And boxes--oh, above all, boxes; pasteboard boxes, long and flat, square
and oblong, each bearing weird and cryptic pencilings on one end;
cryptic, that, is to anyone except Mrs. Brewster and you who have owned
an attic. Thus "H's Fshg Tckl" jabberwocked one long slim box. Another
stunned you with "Cur Ted Slpg Pch." A cabalistic third hid its contents
under "Slp Cov Pinky Rm." To say nothing of such curt yet intriguing
fragments as "Blk Nt Drs" and "Sun Par Val." Once you had the code key
they translated themselves simply enough into such homely items as
Hosey's fishing tackle, canvas curtains for Ted's sleeping porch,
slip-covers for Pinky's room, black net dress, sun-parlour valence.

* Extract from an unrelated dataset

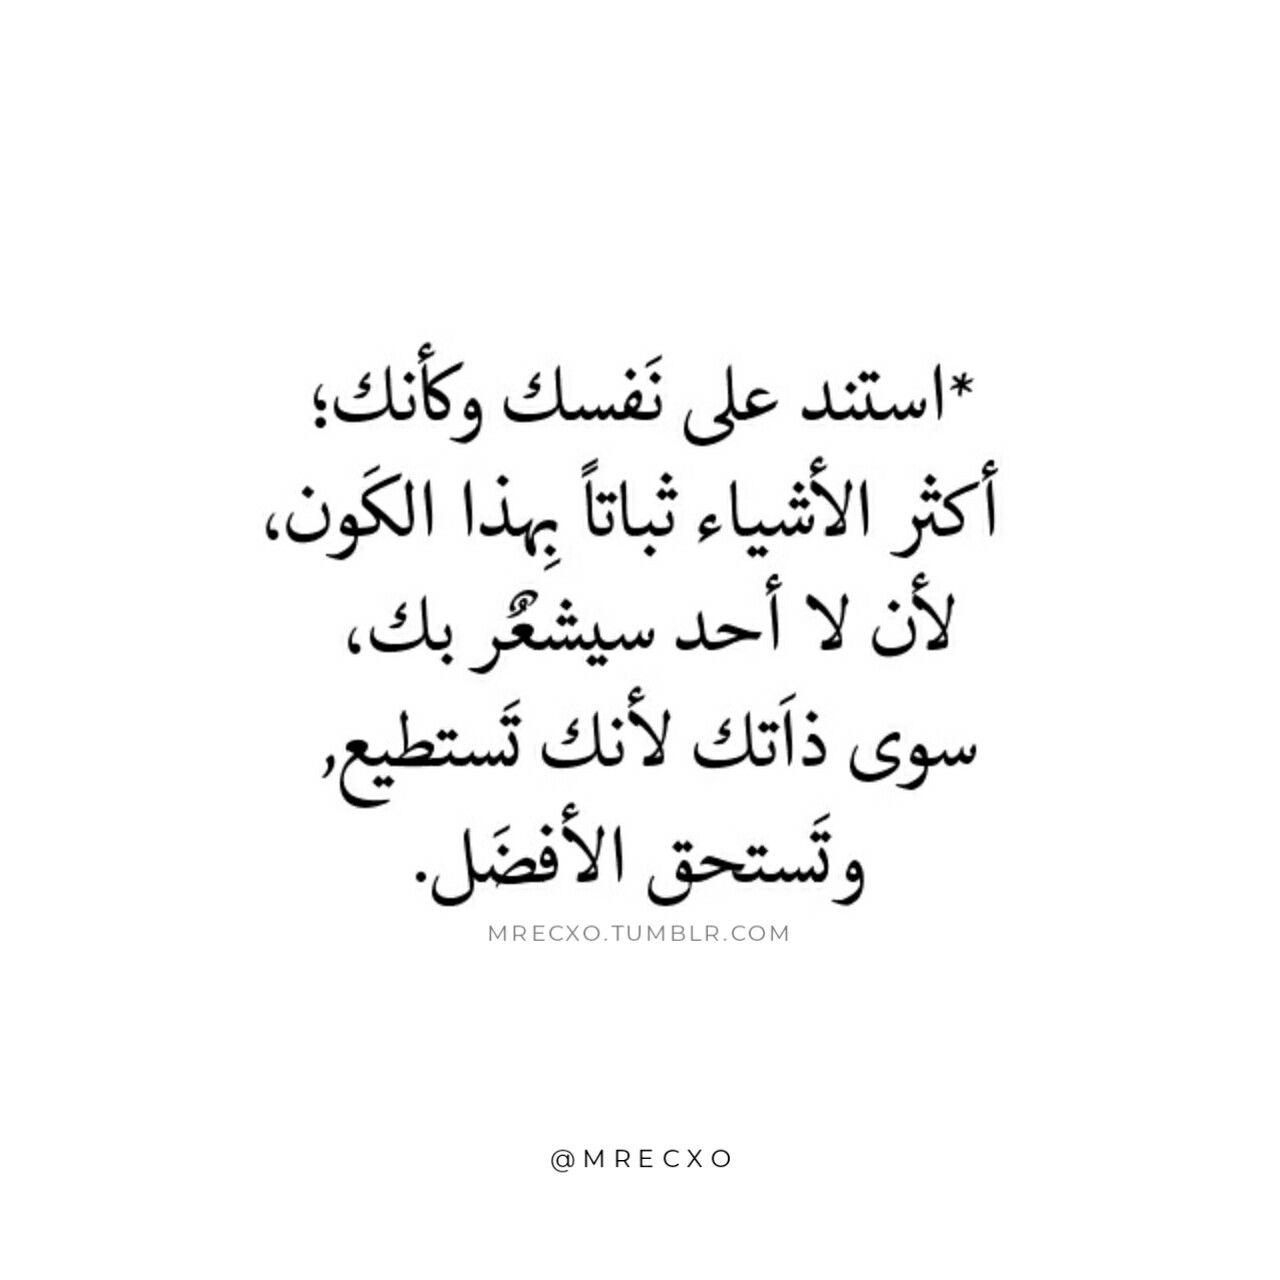 Pin By Rahma On اقتباسات Quotations Inspirational Quotes Love Words

The contents of those boxes formed a commentary on normal American
household life as lived by Mr. and Mrs. Hosea C. Brewster, of Winnebago,
Wisconsin. Hosey's rheumatism had prohibited trout fishing these ten
years; Ted wrote from Arizona that "the li'l' ol' sky" was his
sleeping-porch roof and you didn't have to worry out there about the
neighbours seeing you in your pyjamas; Pink's rose-cretonne room had
lacked an occupant since Pinky left the Winnebago High School for the
Chicago Art Institute, thence to New York and those amazingly successful
magazine covers that stare up at you from your table--young lady, hollow
chested (she'd need to be with that decolletage), carrying feather fan.
You could tell a Brewster cover at sight, without the fan. That leaves
the black net dress and sun-parlour valance.